EAST ST. LOUIS – Drug maker Bayer can't ask past and present employees if they or their families use oral contraceptives Yasmin, Yazand Ocella, U.S. District Judge David Herndon ruled on June 29.

He rejected Bayer's bid to elicit testimony about personal use in depositions for national litigation of claims that the drugs injured gall bladders and damaged blood circulation.

"Just as the court would not permit every other allegedly injured plaintiff in this broad ranging litigation to come to trial and tell the jury her story to bolster another plaintiff's case, it will not let a few employees say they think the product is great," he wrote.

"The only evidence that is relevant is the particular plaintiff's evidence and the science that relaters to that plaintiff and to the product as a whole," he wrote.

"It would be highly prejudicial for the jury to hear from some people who say they take the product, have their daughters take the product and haven't one day of health problems as a result of it," he wrote.

He limited the order to multi district pretrial proceedings in his court, writing that he wouldn't tie the hands of district judges who will conduct individual trials.

Herndon composed a public response to a dispute he had kept secret.

Lead plaintiff lawyer Roger Denton of St.

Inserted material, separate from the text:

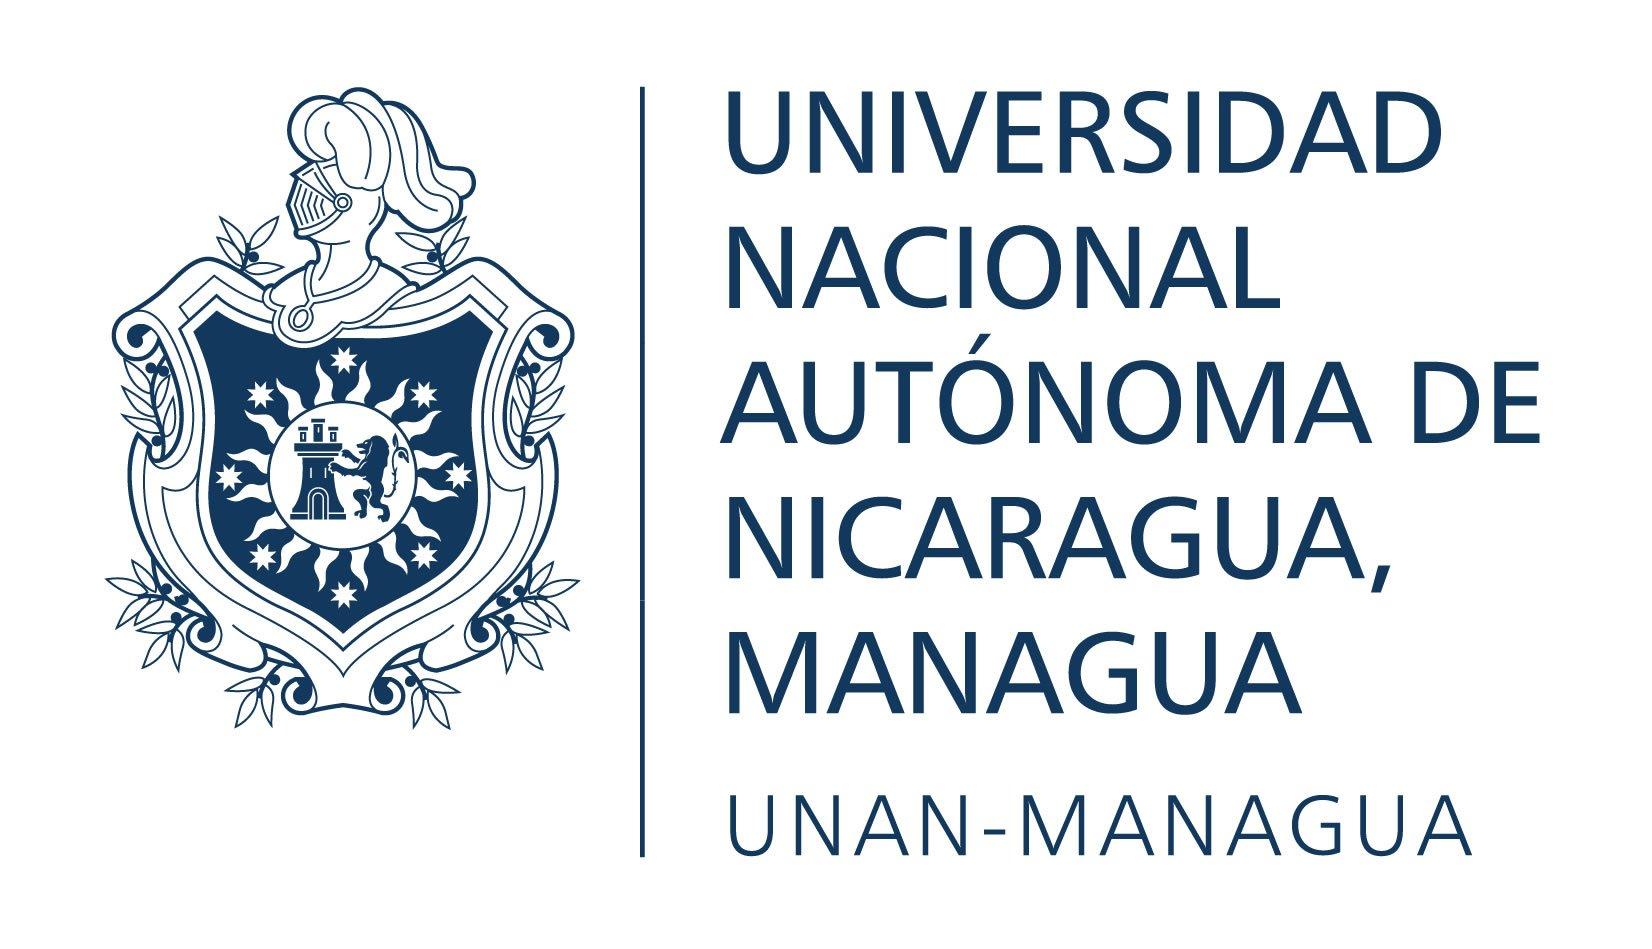 Información Oficial Institucional

Louis objected to questions about personal use on June 6, in email that Herndon didn't post on the docket.

According to Herndon's order, Denton argued that if Bayer could ask about personal use, plaintiffs could discover the medical histories of all Bayer employees.

Denton argued that personal use testimony would invite jurors to draw an improper and prejudicial conclusion that company use equates to product safety, Herndon wrote.

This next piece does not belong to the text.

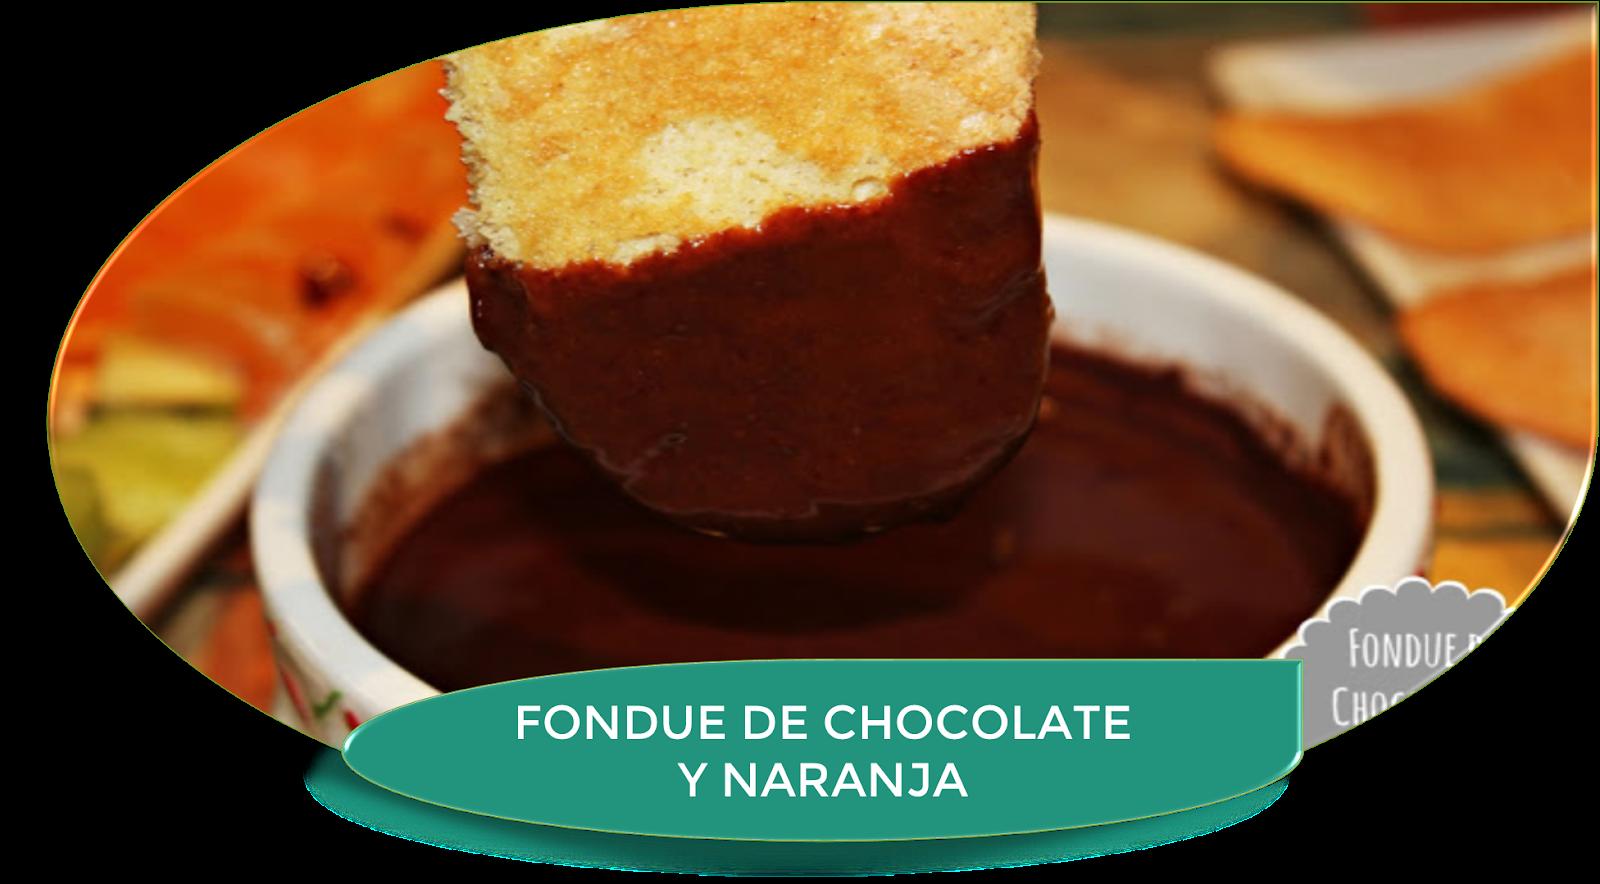 FONDUE DE CHOCOLATE Y NARANJA

Bayer's email reply didn't reach the docket either.

Herndon denied the request for medical histories of all Bayer workers.

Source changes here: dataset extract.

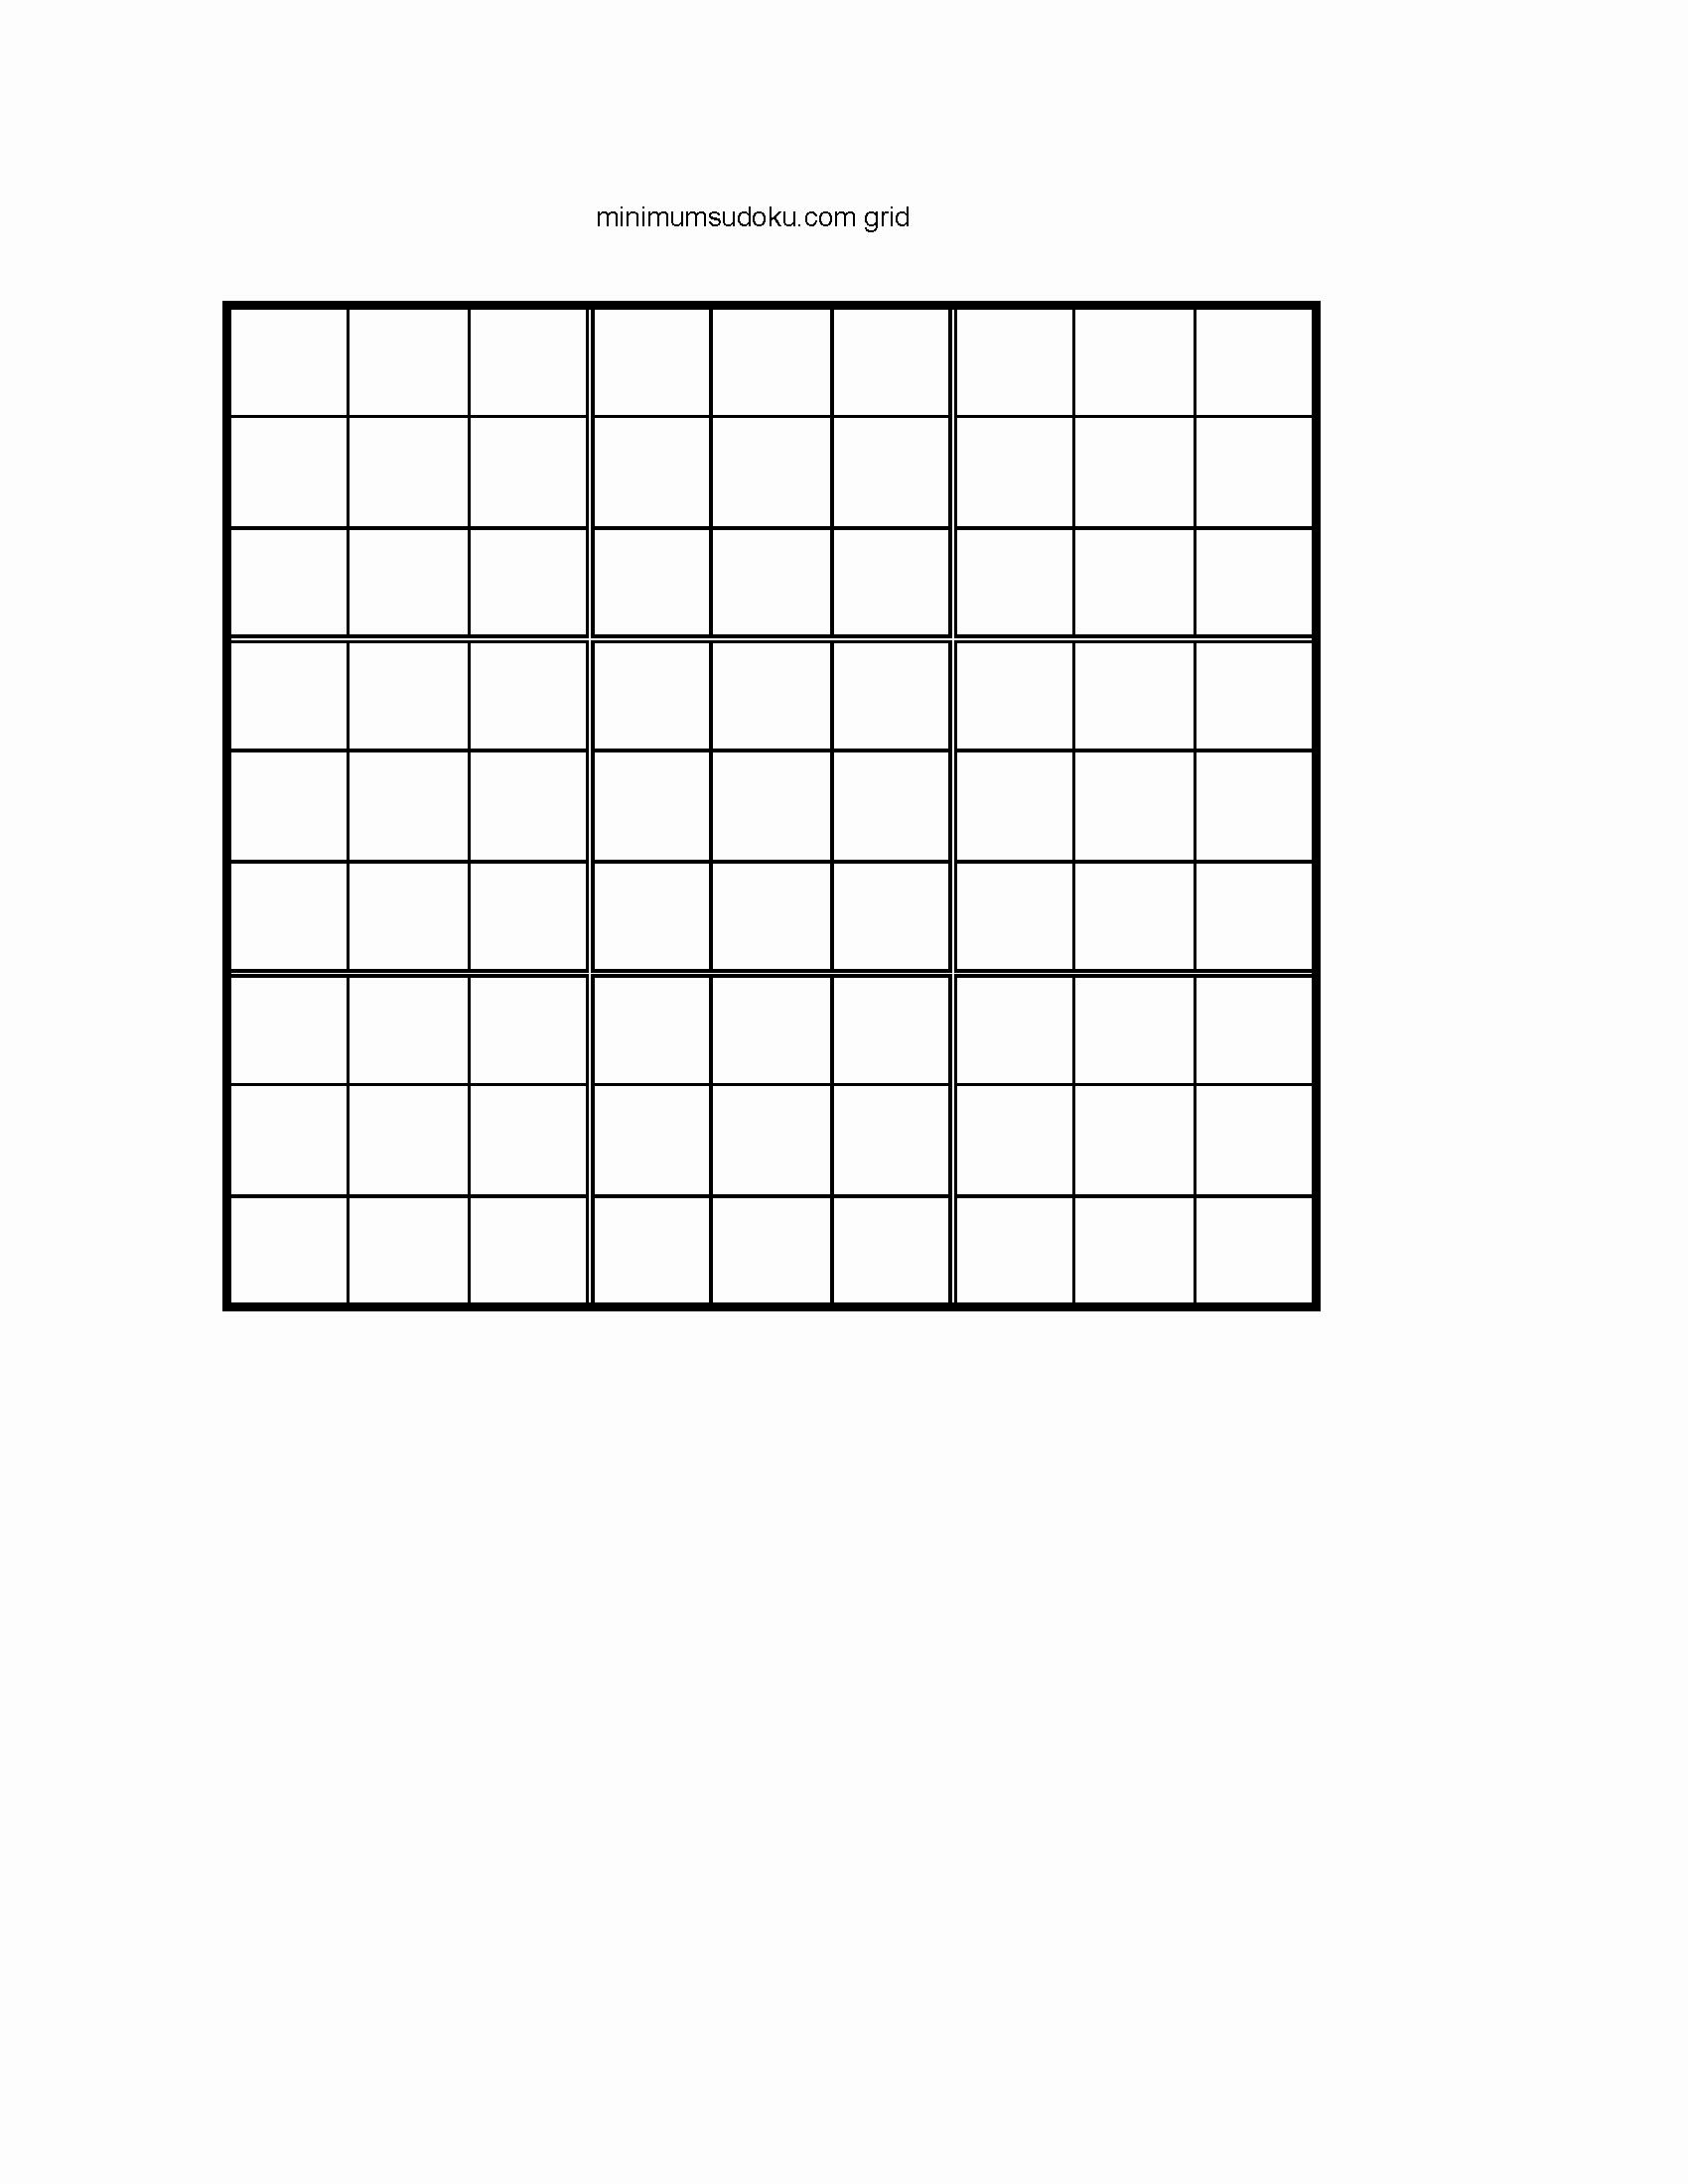 Blank Sudoku Grid Printable New Minimum Sudoku

He settled another deposition dispute on June 29, ruling that plaintiffs can't design questions to elicit the identity of documents Bayer lawyers compiled.

"Forcing Bayer to disclose the compilation would implicitly reveal the thought processes of the attorney who selected the documents and would allow plaintiffs to glean which documents, out of the millions already produced, opposing counsel believes are legally significant," he wrote.

"Counsel's designation and compilation of materials to review with a witness prior to his or her deposition reflects counsel's thought processes and opinions with regard to which documents are legally significant and is therefore protected from disclosure under the work product doctrine," he wrote.